NORTH KOREA:North Korea is set to take a potentially giant leap out of the intellectual cold with the construction of a new English-language university staffed by academics from around the world teaching the cream of the country's graduate students.
Building of the Pyongyang University of Science and Technology (PUST) is nearing completion on a plot of land leased by the People's Army in the North's capital. The army has lent 800 solders to build the campus, largely funded by Christian evangelicals.
North Korean leader Kim Jong-Il is believed to have ordered the site cleared for use and granted the university the right to hire staff from anywhere in the world. PUST is expected to train a new generation of elite business executives and technicians.
The project's leaders in South Korea and the US are playing down its potential impact for fear of spooking the North's jittery authorities, but they agree that it represents a seismic shift in the reclusive state's largely frozen relations with the rest of the world.
"It will be the country's first international university," says Prof Chan-Mo Park, PUST co-chair and a prominent Seoul scientist.
"The North has good universities, but they don't communicate with the rest of the world. This will let everyone know that the capacity of their scientists is very high."
Despite crumbling facilities, the North's standards of computer science, software and applied maths are world-class, say experts, and its youth is bursting with pent-up business energy. The university is expected to germinate spin-off businesses and eventually a Silicon Valley-style business park.
The faculty of 45 will offer an MA in business administration as well as courses on information technology and agriculture to an initial cohort of about 150 students recruited from the country's top research institutions.
But the unpredictability of the Kim Jong-Il government could still throw a spanner in the works. A key issue is whether staff and students will be allowed to access the internet freely, potentially a serious source of instability to the closed regime.
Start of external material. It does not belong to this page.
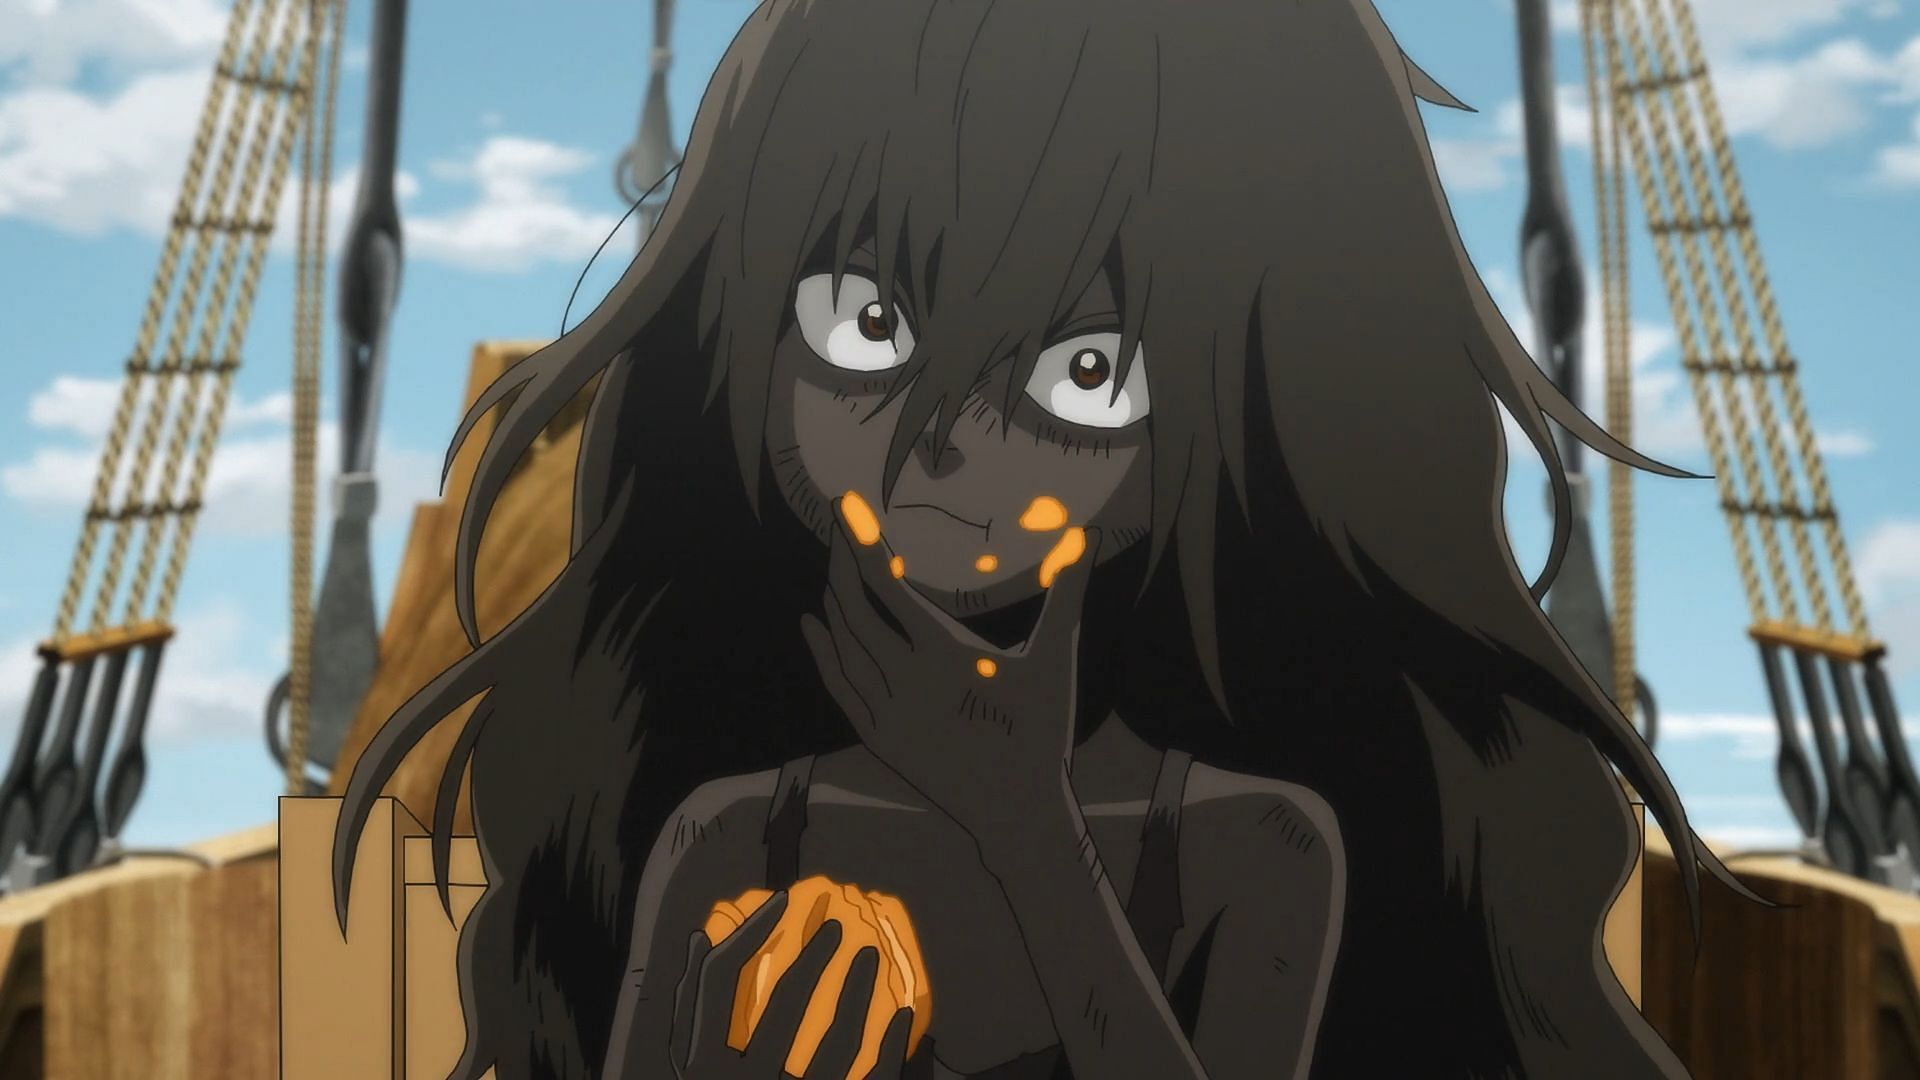 Eko as seen in the anime (Image via Studio Drive)
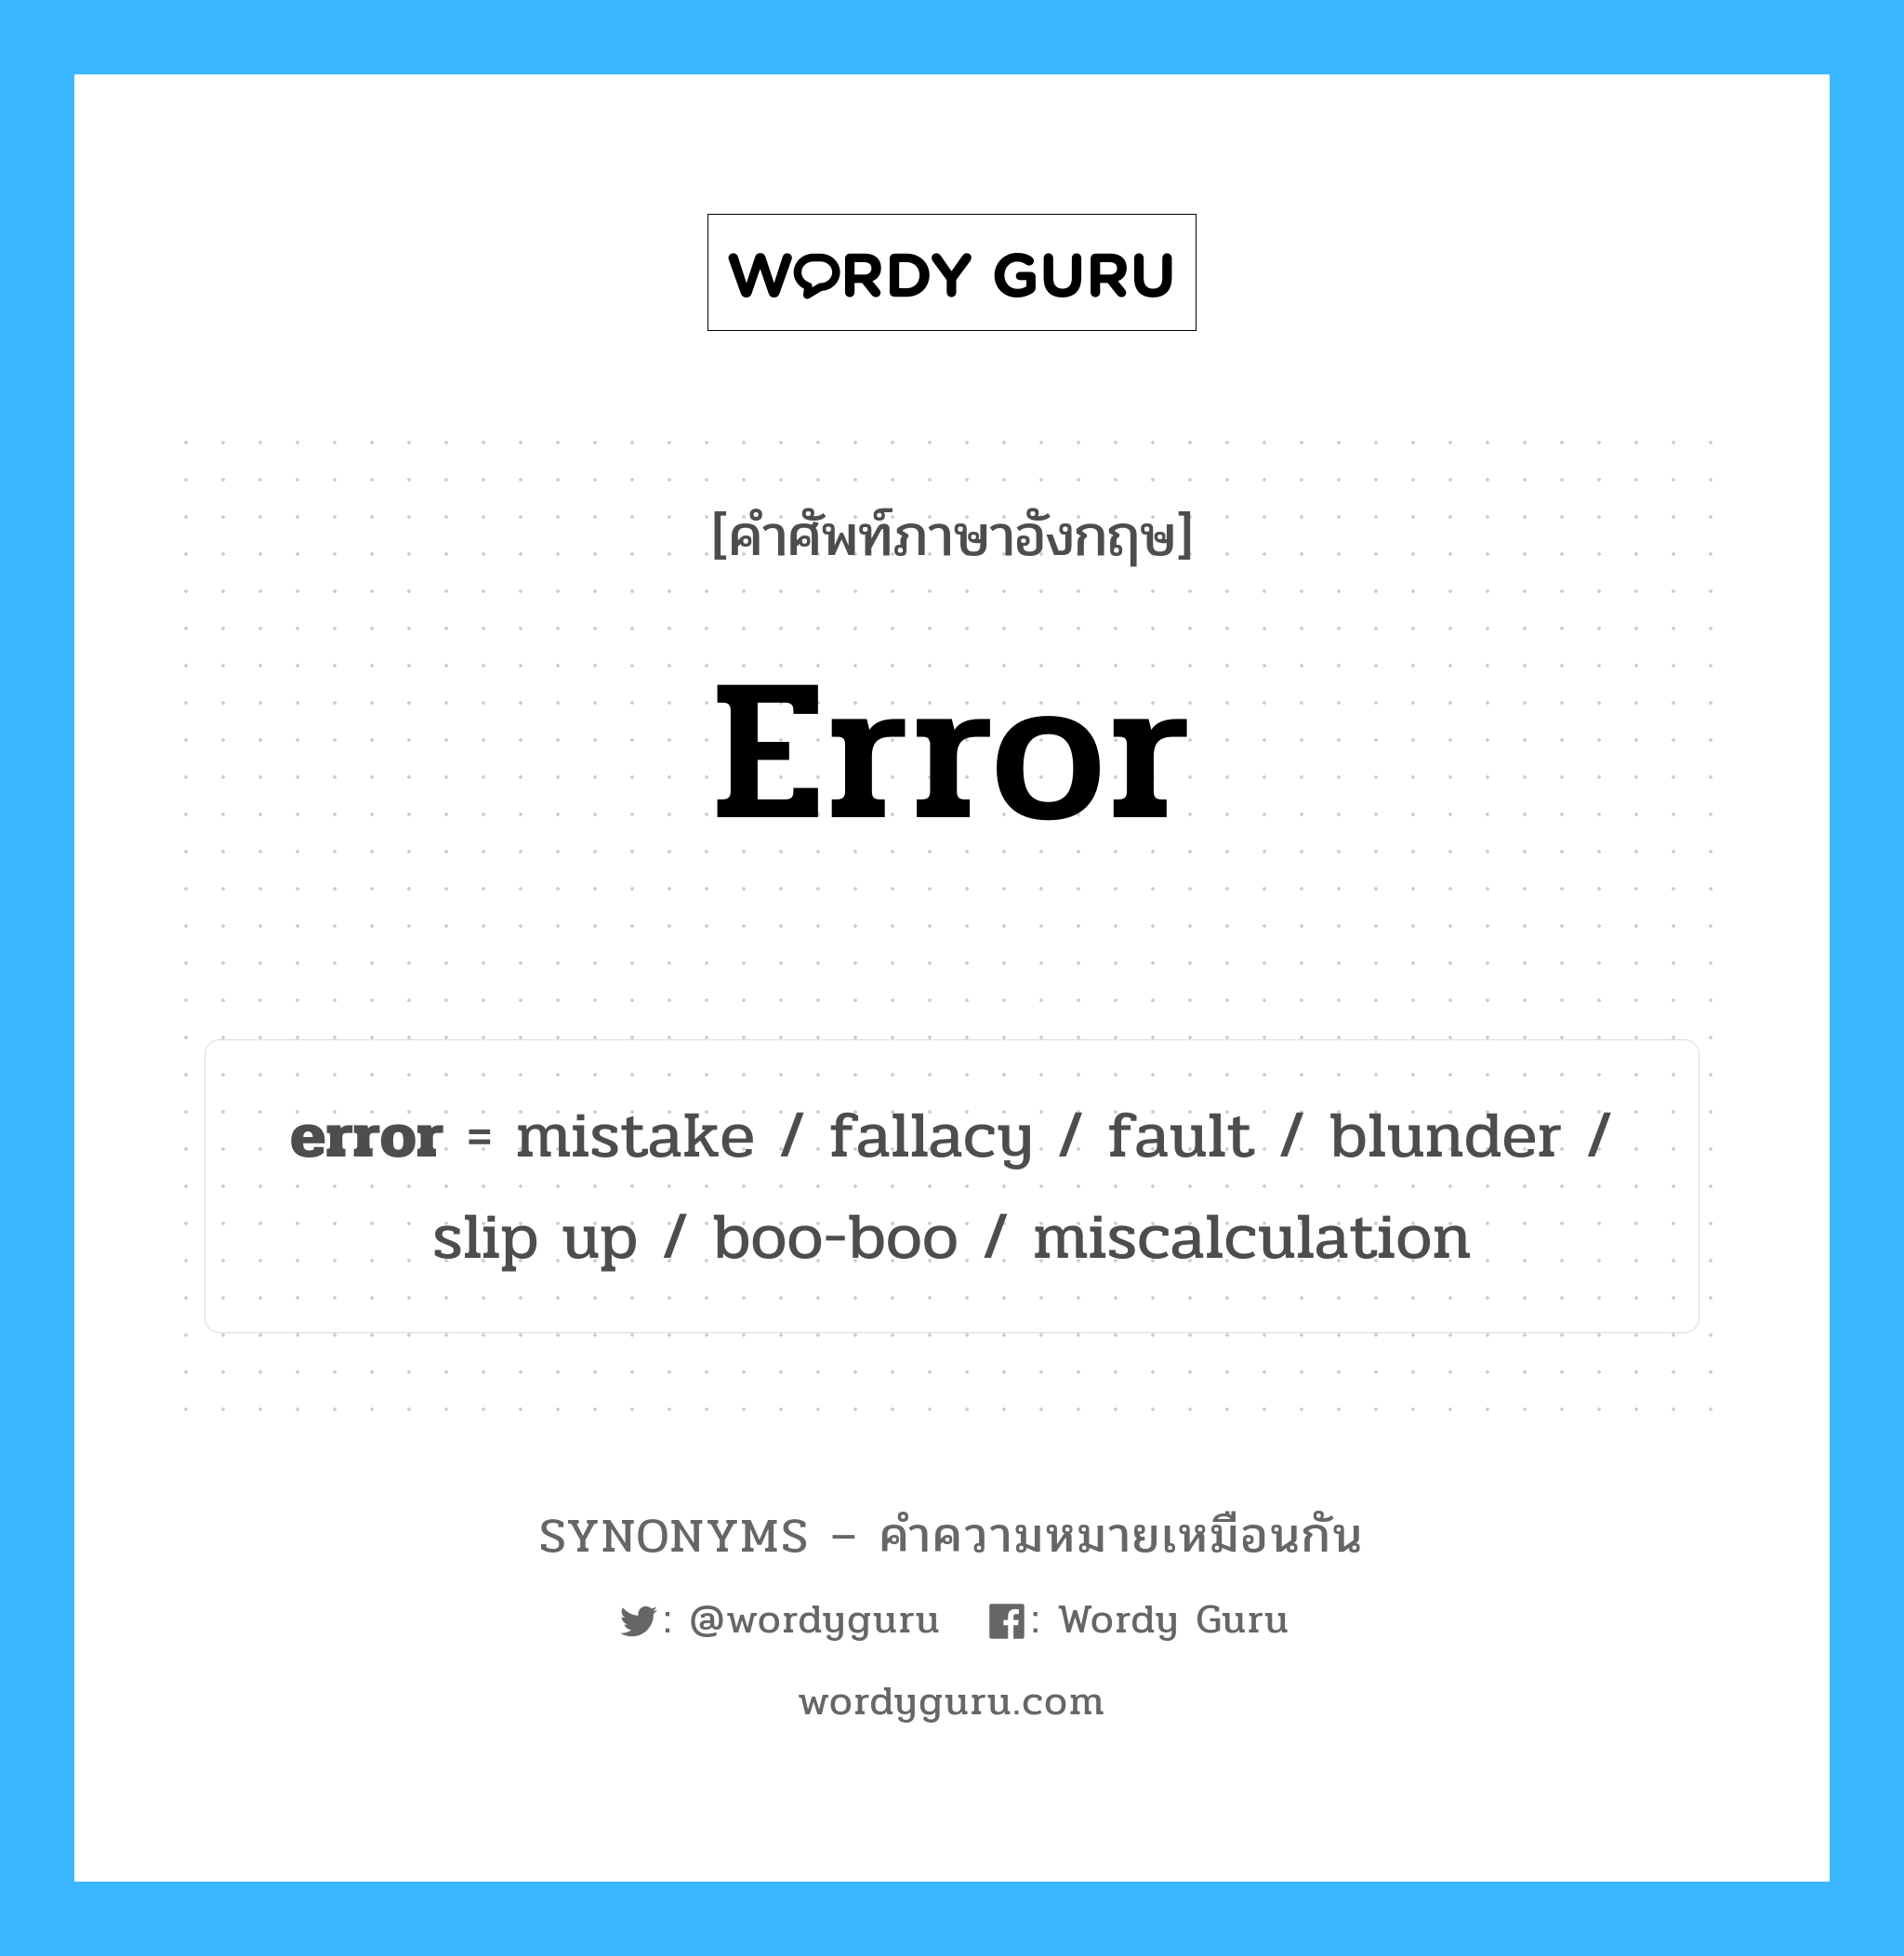 mistake เป็นหนึ่งใน error และมีคำอื่น ๆ อีกดังนี้, คำศัพท์ภาษาอังกฤษ mistake ความหมายคล้ายกันกับ error แปลว่า ความผิดพลาด หมวด error

The facility could also face opposition from hardliners in the US administration of President George W. Bush, who may baulk at allowing the transfer of advanced technology to the PUST labs. Strict US export regulations forbid the sale of technology which could be used to make weapons to so-called "rogue regimes".
Meanwhile, Prof Park faces an uphill struggle convincing new lecturers to invest their future in a country with few of the traditional perks of academic life.